Friday, December 16, 2022

Don’t Be Mum!  

 Some people lack motivation. Robert H. Hutchins said, “Whenever I feel like exercise, I lie down until the feeling passes.” Jo Brand said, “My favorite machine at the gym is the vending machine.” Bill Vaughn said, “As a nation we are dedicated to keeping physically fit — and to parking as close to the stadium as we can.” One anonymous wag asked, “How do you get a man to do sit-ups? Put the remote between his toes” (maybe a frustrated wife said that?!).

The apostle Paul was a highly motivated individual. Even before coming to Christ, he lived a life of full dedication to God’s service, as he (mis)understood it. Although he once opposed and persecuted Christ and Christians, he describes himself to a mob of Jewish people in Jerusalem (that shortly before had attempted to kill him) by saying in Acts 22:3, “I am indeed a Jew, born in Tarsus of Cilicia, and brought up in this city at the feet of Gamaliel, taught according to the strictness of our fathers’ law, and was zealous toward God as you all are today.” He goes on to testify in verse 4 that before coming to Christ, “I persecuted this Way, binding and delivering into prisons both men and women.” Paul was never half-hearted in his service to God, even when misguided. Later, after believing and obeying Christ’s gospel (Acts 22:16), Paul (in prison at the time for preaching Christ – Philippians 1:12-18) wrote to Christians at Philippi, “But what things were gain to me, these I have counted loss for Christ. Yet indeed I also count all things loss for the excellence of Christ Jesus my Lord, for whom I have suffered the loss of all things, and count them as rubbish that I may gain Christ” (3:7-8).

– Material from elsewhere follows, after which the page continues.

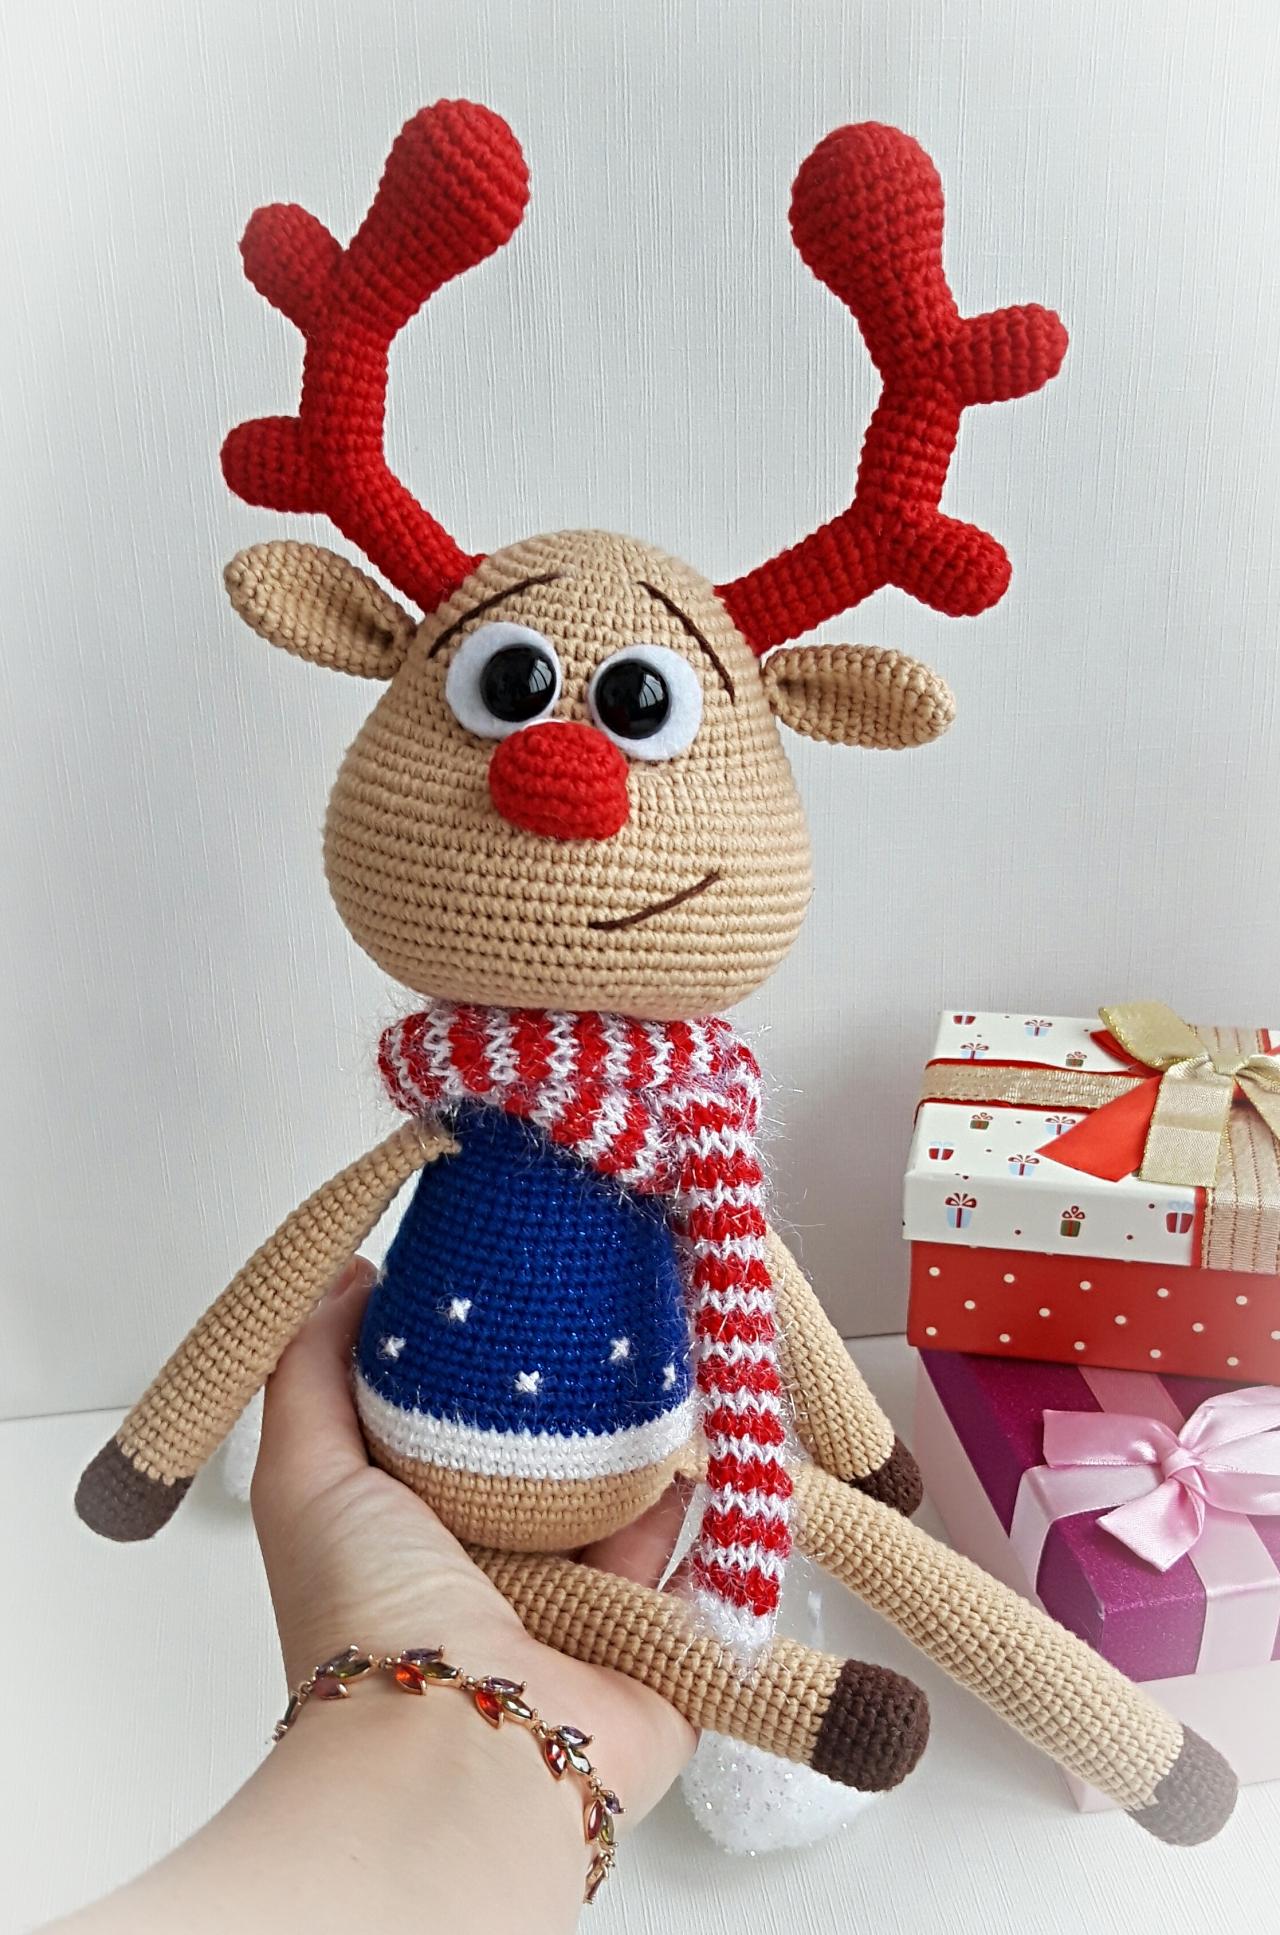 Plush Beige Deer Toy,gifts For Christmas Holiday,gift Idea For Birthday,stuffed Animals Toys,gift For Boys,crochet Deer Toy,gift For Girl

After being commissioned by Christ to preach the gospel, Paul testified to King Agrippa in Acts 26:22-23, “Therefore, having obtained help from God, to this day I stand, witnessing to small and great, saying no other things than those which Moses and the prophets said would come — that the Christ would suffer, that He would be the first to rise from the dead, and would proclaim light to the Jewish people and to the Gentiles.” And so it was — when it came to preaching Christ and talking to people about Jesus, the apostle Paul didn’t have an “off” button! According to strong church tradition, those who opposed the gospel finally shut his mouth when they cut his head off outside Rome sometime around
68 A. D.

What motivated Paul to tell the story of Jesus? What moved him and sustained him even though doing so often cost him comfort and caused him pain and even prison? Why wouldn’t he stay mum or be a “silent saint” like so many who sit on church pews today? Why was he so bent on preaching Christ? In 2 Corinthians 5:14-15 he writes about the force that compelled him to live for and tell about Jesus: “For the love of Christ compels us, because we judge thus: that if One died for all, then all died; and He      died for all, that those who live should live no longer for themselves, but for Him who died for them and rose again.” Paul was so gripped by the love Christ had for him that he couldn’t help loving Christ and talking about Him! What do you love to talk about most? Grandchildren? Football or other sports? Politics? Fishing and hunting? Clothes? Computers? Christians ought to talk about Christ! No power on earth can open our mouths for Christ like being gripped by His love. Are you gripped by Jesus’ love for       you? Do you love Him? How long has it been since you talked about Him to someone else? Just asking. 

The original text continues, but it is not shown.